Get ASE counts from BAMs or raw fastq data -- repackage of pipeline by Carlo Artieri
MIT License
6 stars 3 forks source link

Allow use of GFF/GTF/VCF files instead of bed files. #7

Open MikeDacre opened 8 years ago

MikeDacre commented 8 years ago

It should be possible to write a simple library to transparently loop through any of those files, and it will make the pipeline easier to use.

carloartieri commented 8 years ago

Here's a function I wrote for the purpose of reading GFF files in as pandas dataframes:

def gff_to_df(gff, up=True):
    """Return a pandas dataframe containing all of the data in a GFF file.
    See http://uswest.ensembl.org/info/website/upload/gff.html for GFF specifications

    Notes
    -----
    The first eight column headers are standard:

    ['CHROM', 'SOURCE', 'FEATURE', 'START', 'END', 'SCORE', 'STRAND', 'FRAME']

    Additional columns will be created for each value found in the ninth, attribute column.
    If up = True (default), the column headers will all be uppercase versions of the attribute
    names, e.g.:

    ['GENE_ID', 'TRANSCRIPT_ID', 'EXON']

    Lines that do not have attributes corresponding to a particular column are assigned None

    REQUIREMENTS:
    import pandas as pd
    from collections import defaultdict
"""

    #Build dictionary
    df_dict = defaultdict(list)
    opt_fields = []
    lines = 0
    with open(gff, 'r') as infile:
        for line in infile:
            line_t = line.rstrip().split('\t')
            constant_headers = ['CHROM','SOURCE','FEATURE','START','END','SCORE','STRAND','FRAME']
            for i in range(8):
                df_dict[constant_headers[i]].append(line_t[i])

            opt_dict = {}
            for opt in line.rstrip('\n').split('\t')[8].split(';'):
                if opt != '':
                    opt_dict[opt.split('"')[0].strip()] = opt.split('"')[1].strip()

            #Assign values to elements of current info line, taking into account new elements
            curr_fields = []
            for key in opt_dict.keys():
                curr_fields.append(key)
                if key not in opt_fields:
                    df_dict[key].extend([None]*lines)
                    df_dict[key].append(opt_dict[key])
                    opt_fields.append(key)
                else:
                    df_dict[key].append(opt_dict[key])

            #Assign None to missing elements from current line
            for key in list(set(opt_fields) - set(curr_fields)):
                df_dict[key].append(None)

            lines += 1

    #Convert to dataframe
    df = pd.DataFrame.from_dict(df_dict, orient='columns')

    #Uppercase all column names
    if up is True:
        df.columns = [x.upper() for x in list(df.columns)]
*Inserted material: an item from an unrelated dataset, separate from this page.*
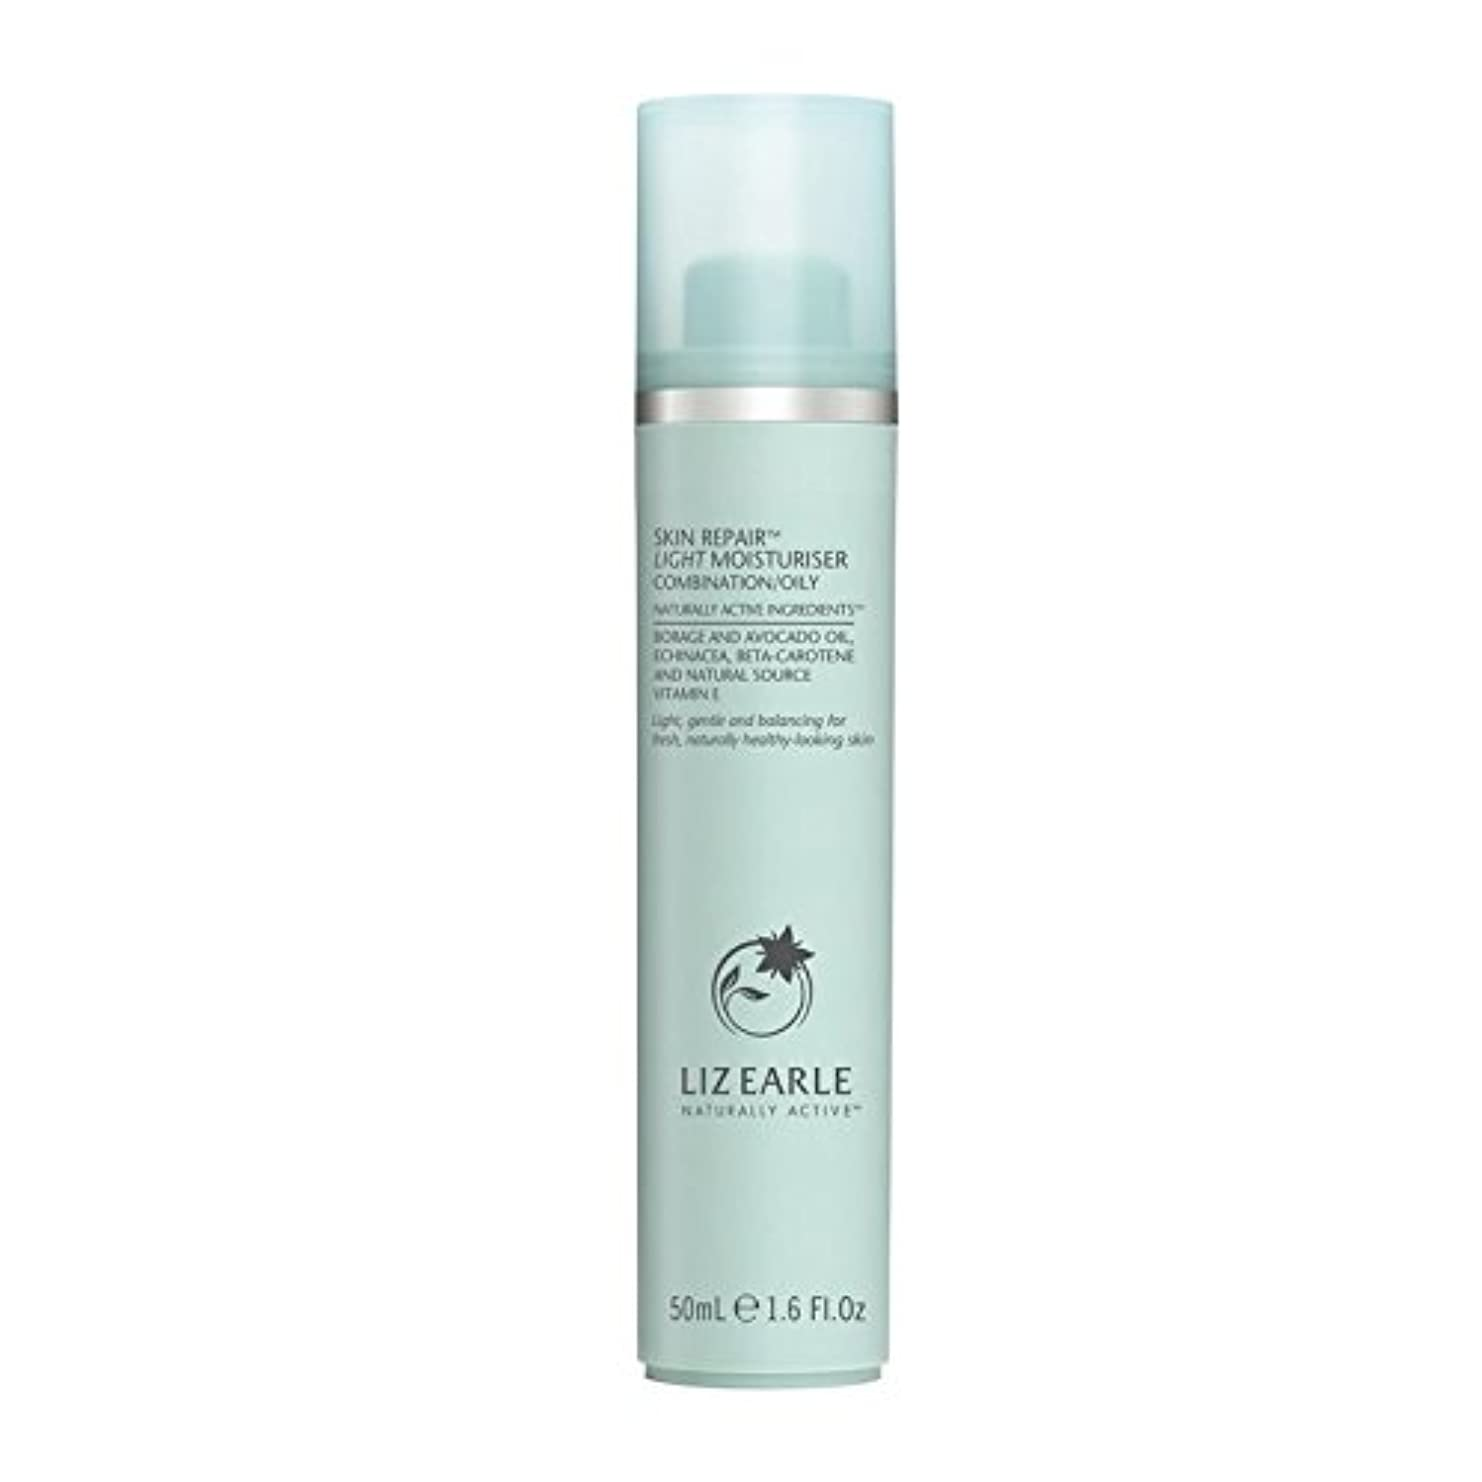 路地ヘルメット大臣リズアールスキンリペア光の保湿剤の組み合わせ/油性50ミリリットル x4 - Liz Earle Skin Repair Light Moisturiser Combination/Oily 50ml (Pack of...

    # Make sure START and END are integers
    df["START"] = df["START"].astype('int')
    df["END"] = df["END"].astype('int')

    return df

For VCFs, pyvcf is probably a good place to start. However, its data structures are somewhat difficult to follow and we've found that reading VCFs as pandas tables and writing our own parsers is often easier and more straightforward.

MikeDacre commented 8 years ago

Great, thanks so much @carloartieri. I agree with you that it is probably better just to parse the vcf directly, the format is pretty simple. I think I am going to add this function of yours and as well as a similar one for VCFs that return an identical data frame.